**Task objective:** Take the lines from the one with "Be a peacemaker" to the end of the listing, both ends included, and quote them exactly, leaving pictures out.

**Source material:**
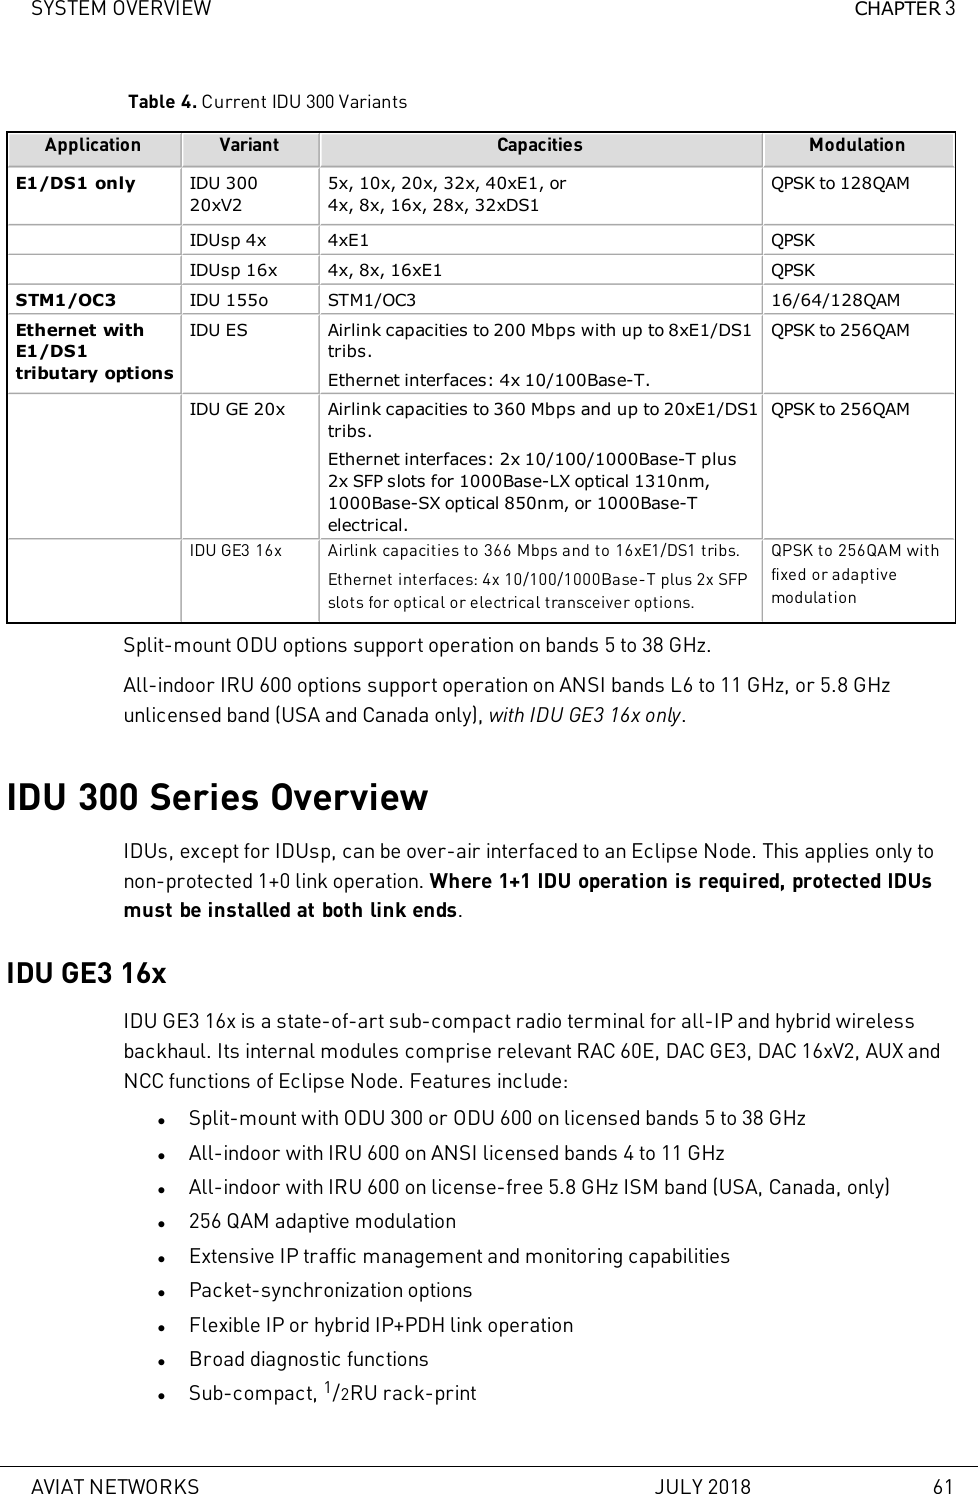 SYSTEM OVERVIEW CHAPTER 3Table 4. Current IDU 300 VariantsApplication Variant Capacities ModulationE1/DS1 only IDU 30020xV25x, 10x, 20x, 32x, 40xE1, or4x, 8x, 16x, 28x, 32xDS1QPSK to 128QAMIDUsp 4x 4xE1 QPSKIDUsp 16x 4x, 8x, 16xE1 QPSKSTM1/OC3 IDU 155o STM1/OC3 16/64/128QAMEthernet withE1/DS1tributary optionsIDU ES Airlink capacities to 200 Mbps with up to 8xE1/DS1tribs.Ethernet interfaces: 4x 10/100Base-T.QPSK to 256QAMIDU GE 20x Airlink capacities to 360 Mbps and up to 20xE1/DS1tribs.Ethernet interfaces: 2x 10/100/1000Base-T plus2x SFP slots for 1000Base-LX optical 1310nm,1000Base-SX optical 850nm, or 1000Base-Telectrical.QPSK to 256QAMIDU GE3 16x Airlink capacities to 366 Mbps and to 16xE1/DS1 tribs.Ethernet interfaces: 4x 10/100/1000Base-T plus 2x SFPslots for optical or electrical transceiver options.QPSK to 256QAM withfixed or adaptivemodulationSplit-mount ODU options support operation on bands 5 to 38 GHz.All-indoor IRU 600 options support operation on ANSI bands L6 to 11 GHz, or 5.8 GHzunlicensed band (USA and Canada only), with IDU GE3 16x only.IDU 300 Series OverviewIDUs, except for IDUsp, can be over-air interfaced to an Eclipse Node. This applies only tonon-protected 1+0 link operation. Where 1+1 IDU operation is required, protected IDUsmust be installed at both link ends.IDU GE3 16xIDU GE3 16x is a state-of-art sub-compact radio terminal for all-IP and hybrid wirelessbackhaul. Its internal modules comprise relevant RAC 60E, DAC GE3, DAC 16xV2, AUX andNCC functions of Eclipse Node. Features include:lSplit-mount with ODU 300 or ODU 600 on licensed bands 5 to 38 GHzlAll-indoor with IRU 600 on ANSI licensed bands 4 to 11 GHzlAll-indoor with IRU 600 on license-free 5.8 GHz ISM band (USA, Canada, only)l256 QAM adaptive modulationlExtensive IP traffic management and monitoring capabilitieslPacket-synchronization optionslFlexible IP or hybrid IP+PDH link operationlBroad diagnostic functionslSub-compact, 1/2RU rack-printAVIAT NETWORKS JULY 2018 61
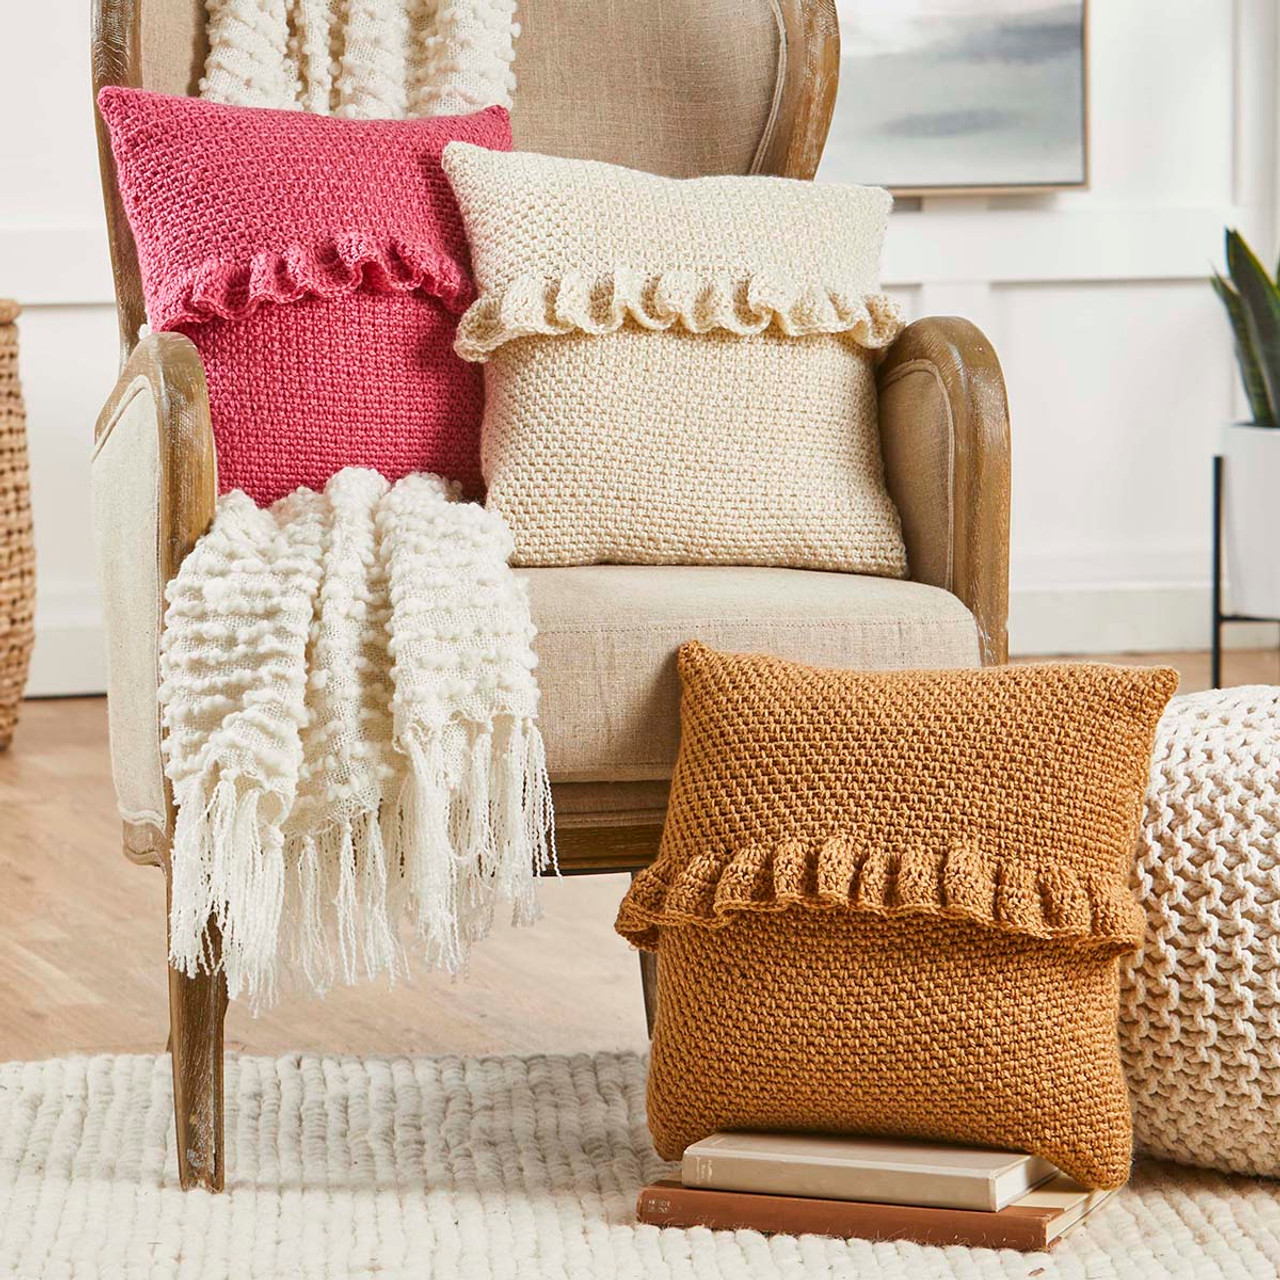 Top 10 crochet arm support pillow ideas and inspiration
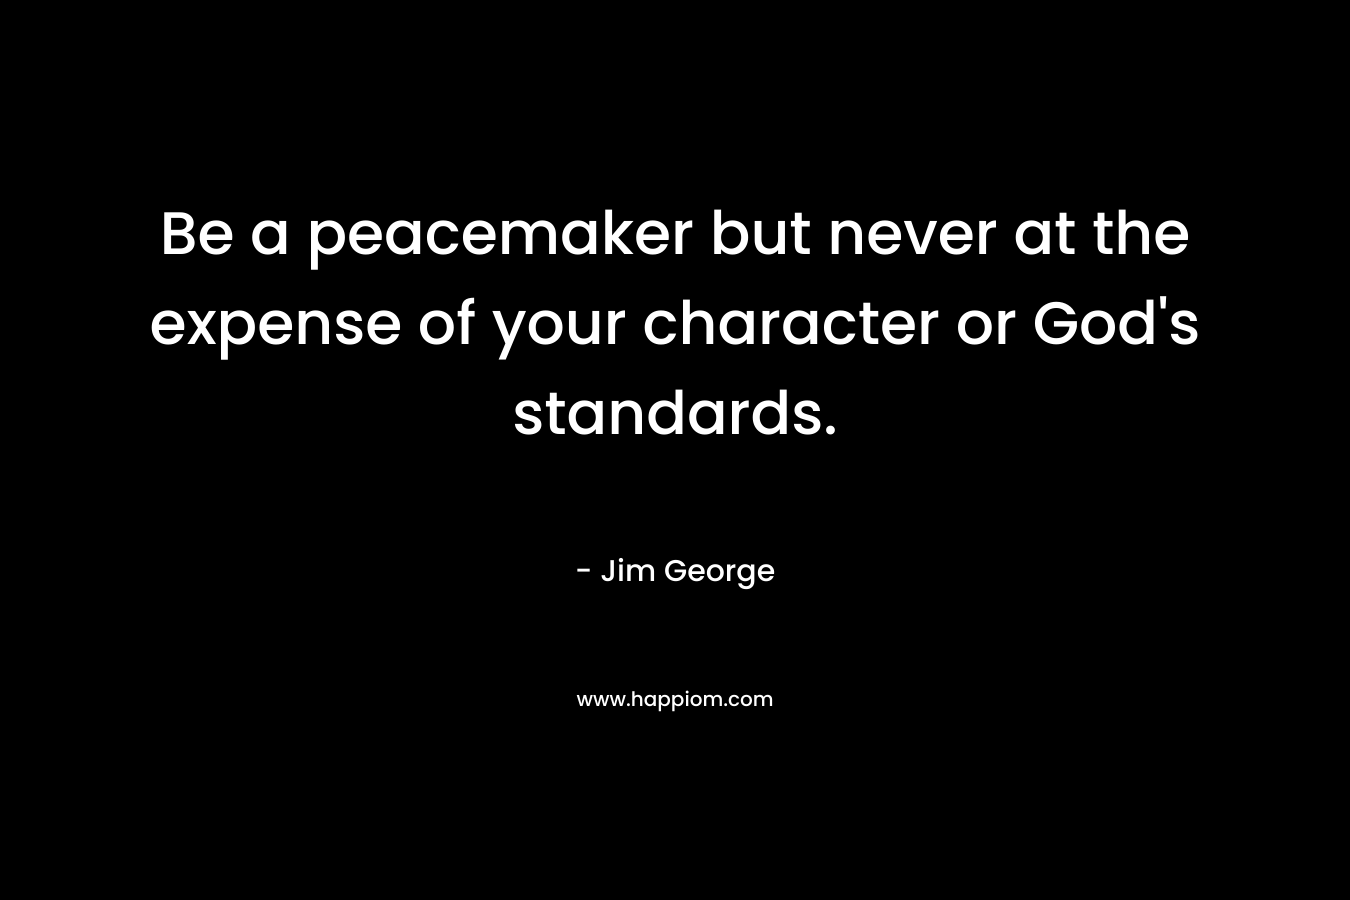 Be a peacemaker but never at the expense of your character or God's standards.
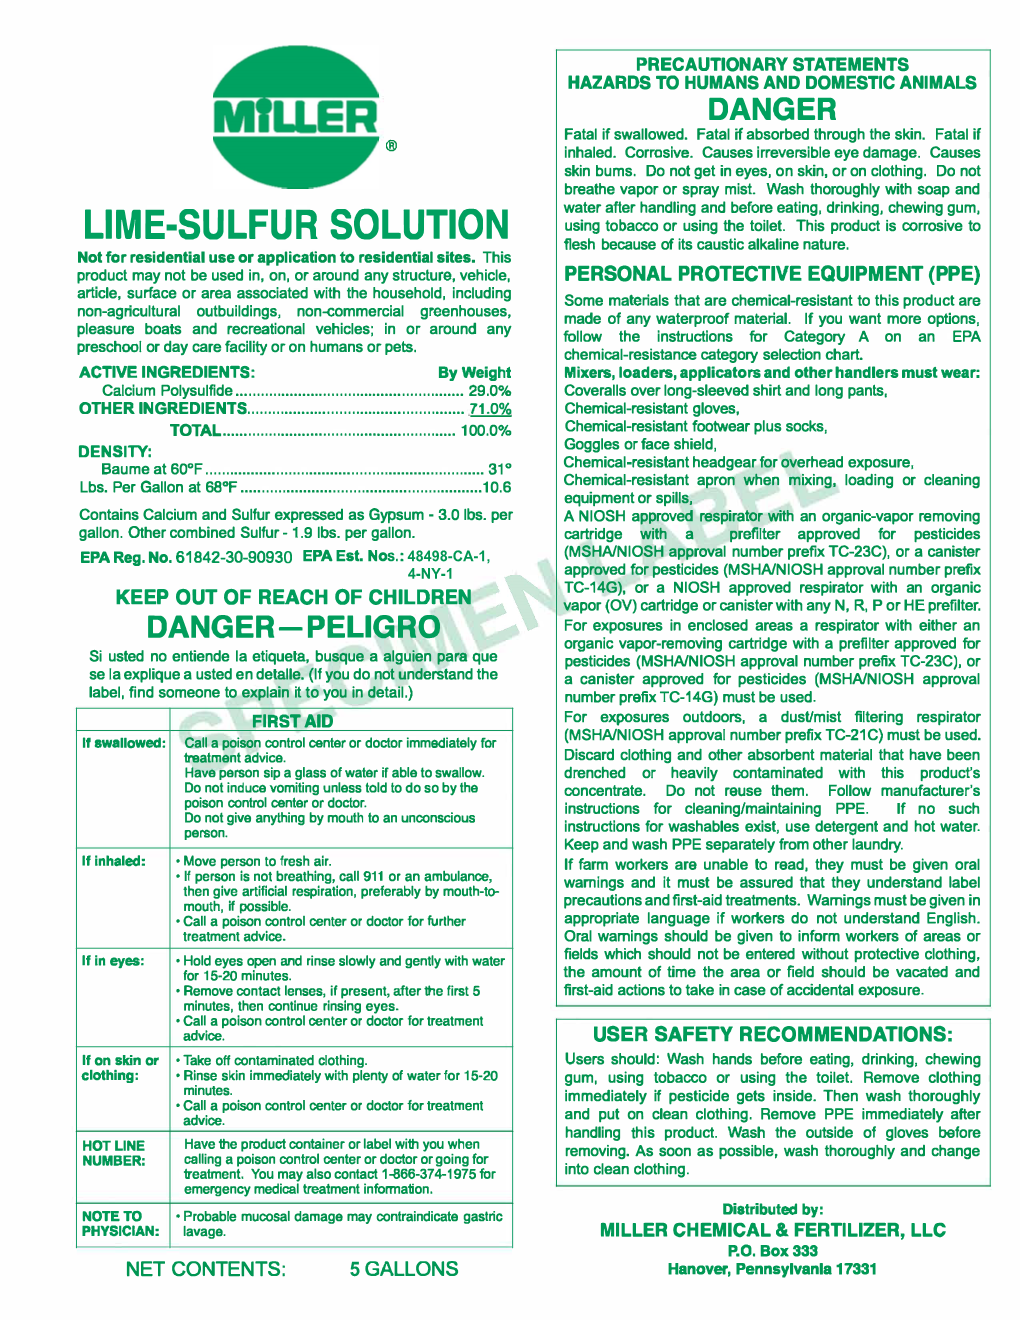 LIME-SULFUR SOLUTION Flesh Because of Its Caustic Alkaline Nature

**Written answer:**
 Be a peacemaker but never at the expense of your character or God's standards.
 LIME-SULFUR SOLUTION Flesh Because of Its Caustic Alkaline Nature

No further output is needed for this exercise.